The mail server, when processing the letter, operates on the following algorithm: for the domain receiver all MX records are looked for. They are sorted in decreasing order of a priority. If the address of the mail server matches one of the nodes specified in MX records, then all records with a priority smaller to a node priority in mx-record (and also MX record of the node) are discarded, and delivery is performed on the first answering node (nodes are tried in decreasing order of a priority).

If the network has different DNS servers (for example, external — on the Internet, and local — in own limits), then the situation when "internal" DNS servers as the most priority receiver indicate the unavailable server on the Internet where mail from the rayleigh specified as a node receiver for the Internet is redirected is possible. Similar separation allows to perform routing of mail by the general rules between the servers which do not have Internet connection.

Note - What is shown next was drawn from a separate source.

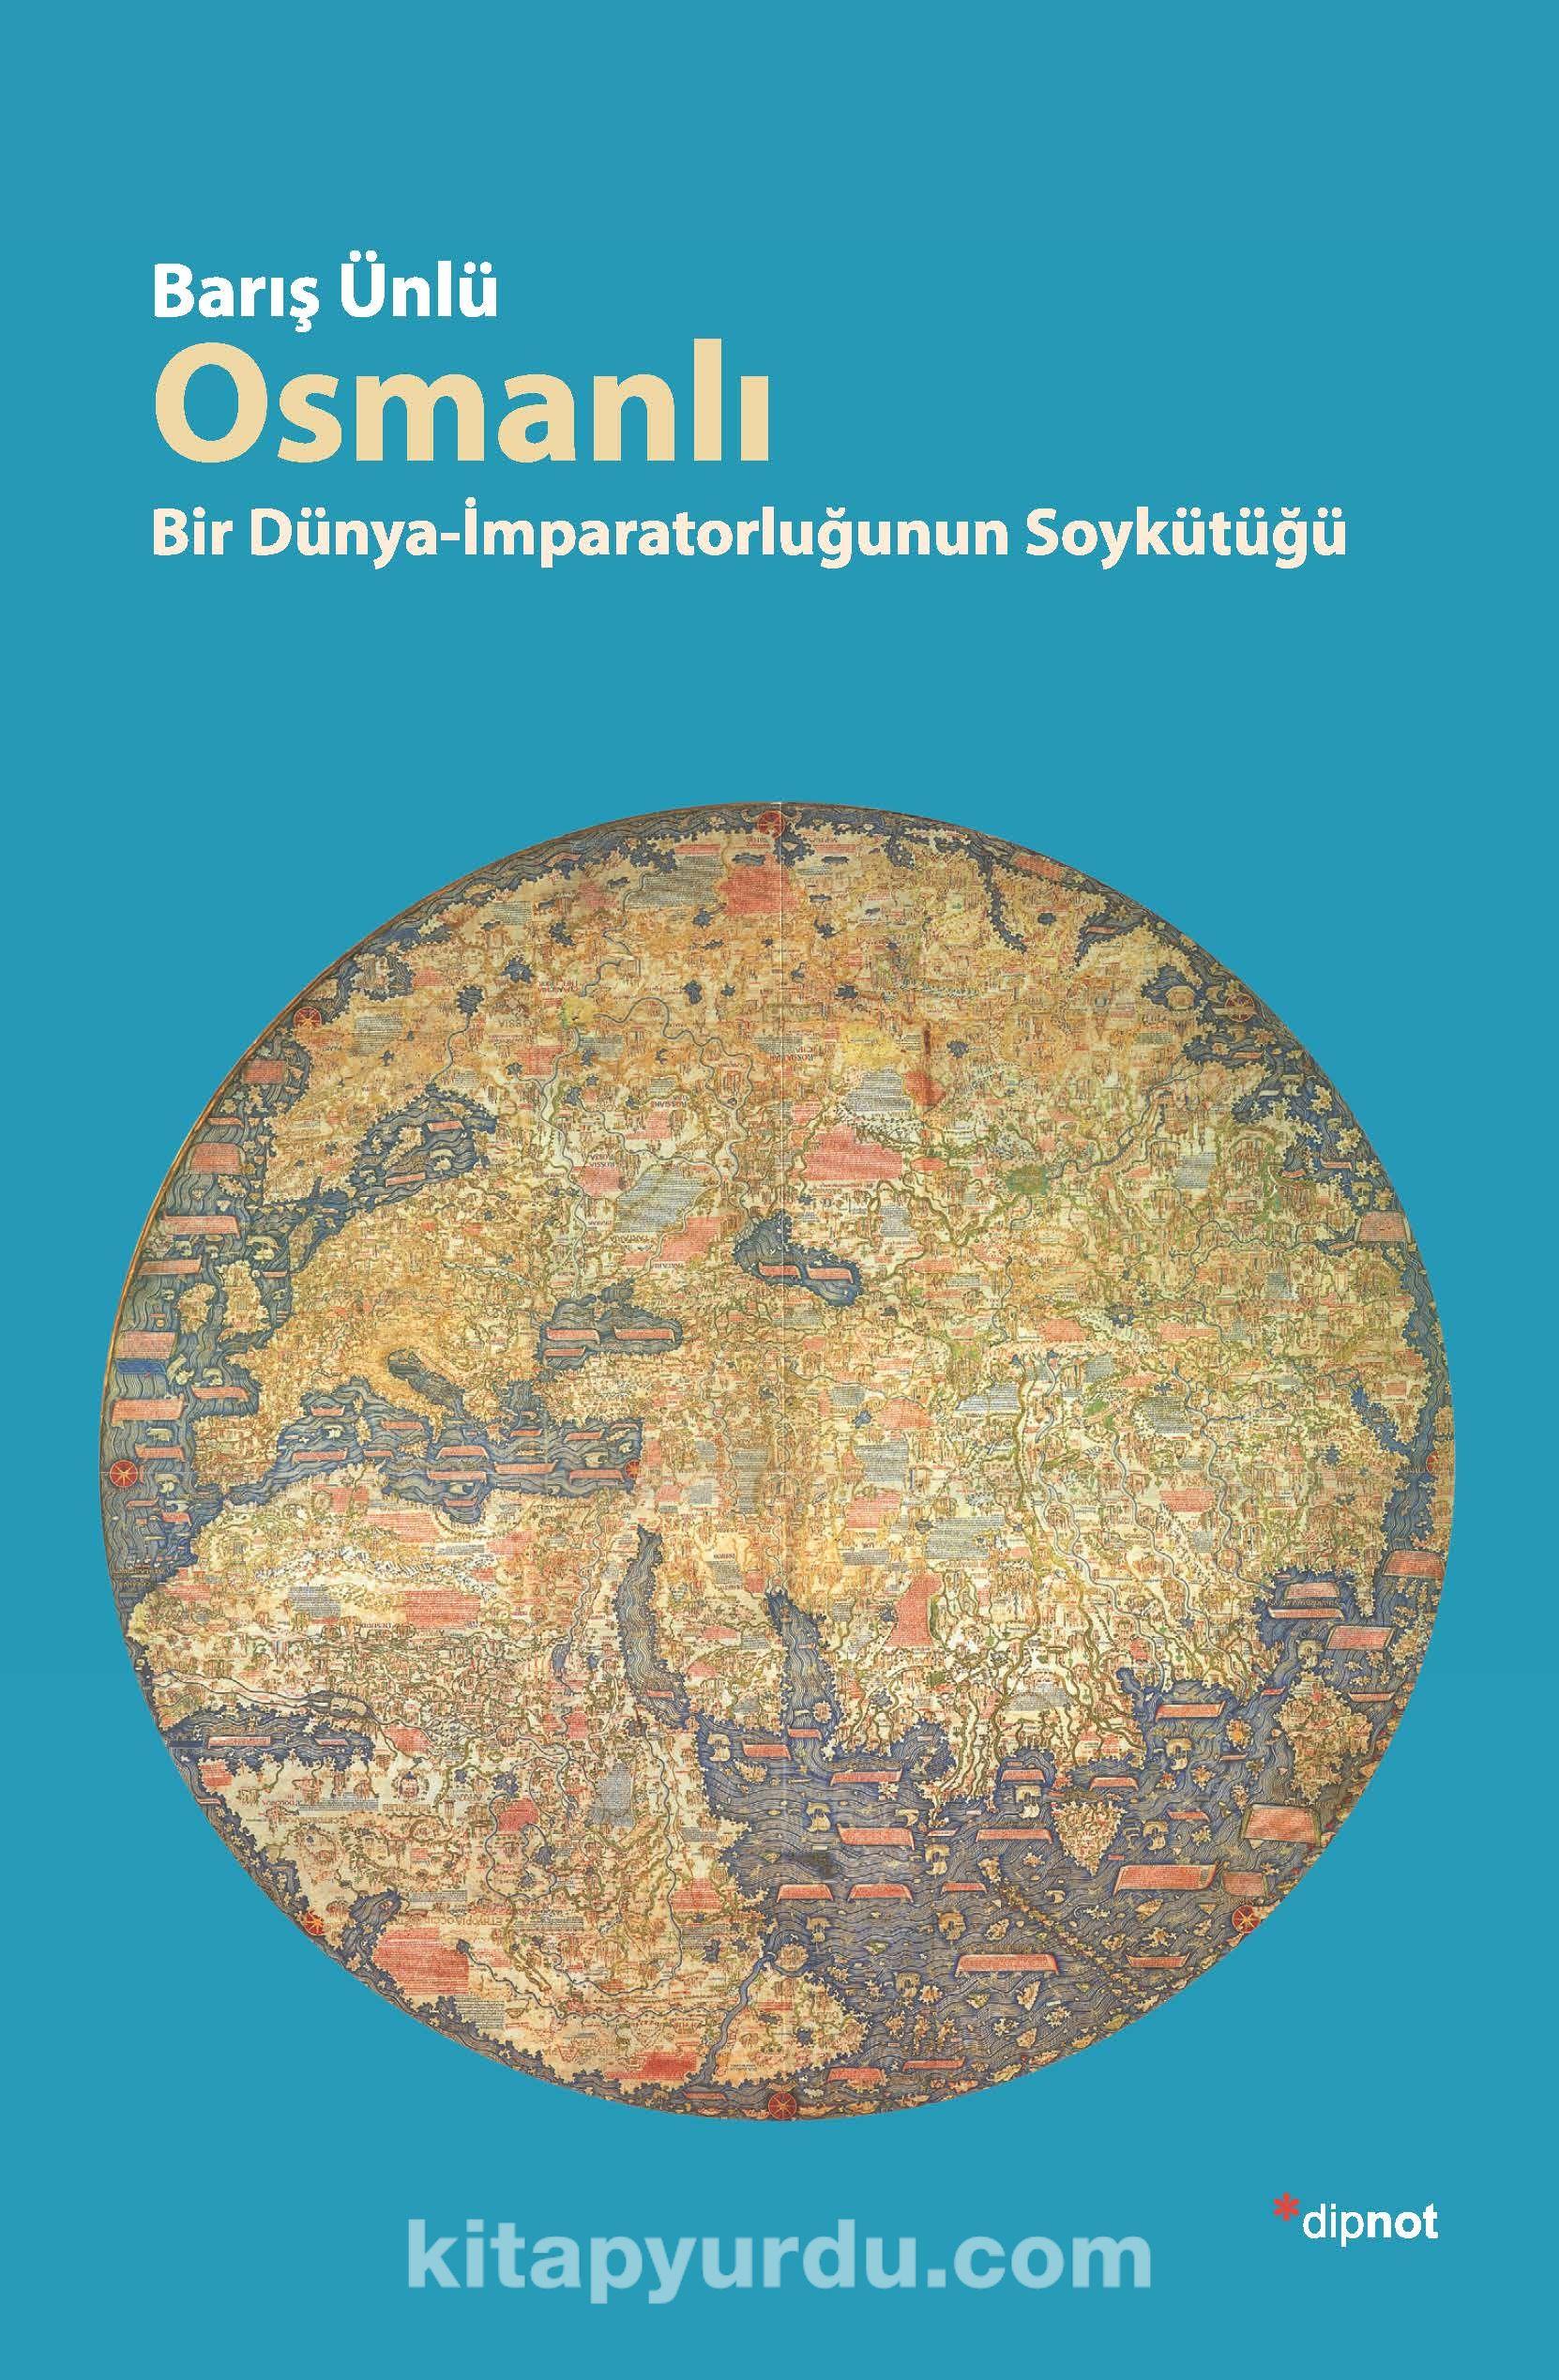 OsmanlıBir Dünya İmparatorluğunun Soykütüğü - Barış Ünlü pdf epub
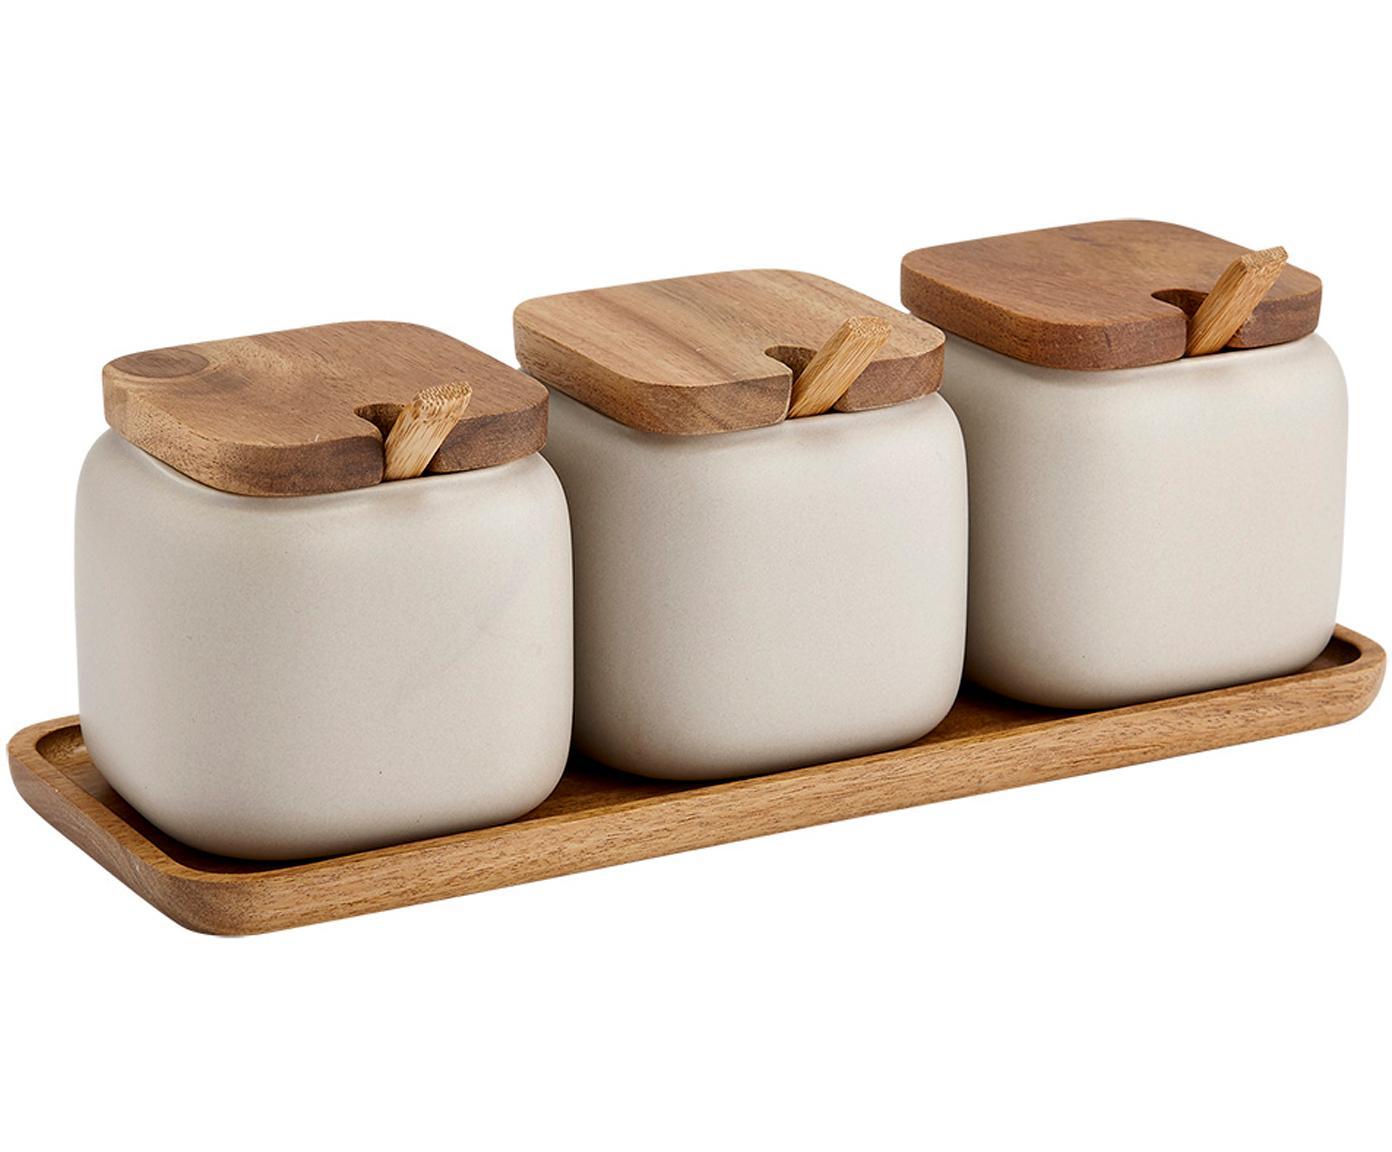 Opbergpotten set Essentials van porselein en acaciahout, 7-delig, Porselein, acaciahout, Zandkleurig, acaciahoutkleurig, 28 x 10 cm

In case of Microsoft Exchange, for routing of mail between several servers in an organzation information on receivers from the Active Directory is used. Versions of Microsoft Exchange 2000, 2003 use a concept group of routing (and the connectors set manually between groups), since Exchange 2007 routing is performed proceeding from information on Active Directory topology (i.e. routing is performed according to settings of replication between the Active Directory nodes) [3]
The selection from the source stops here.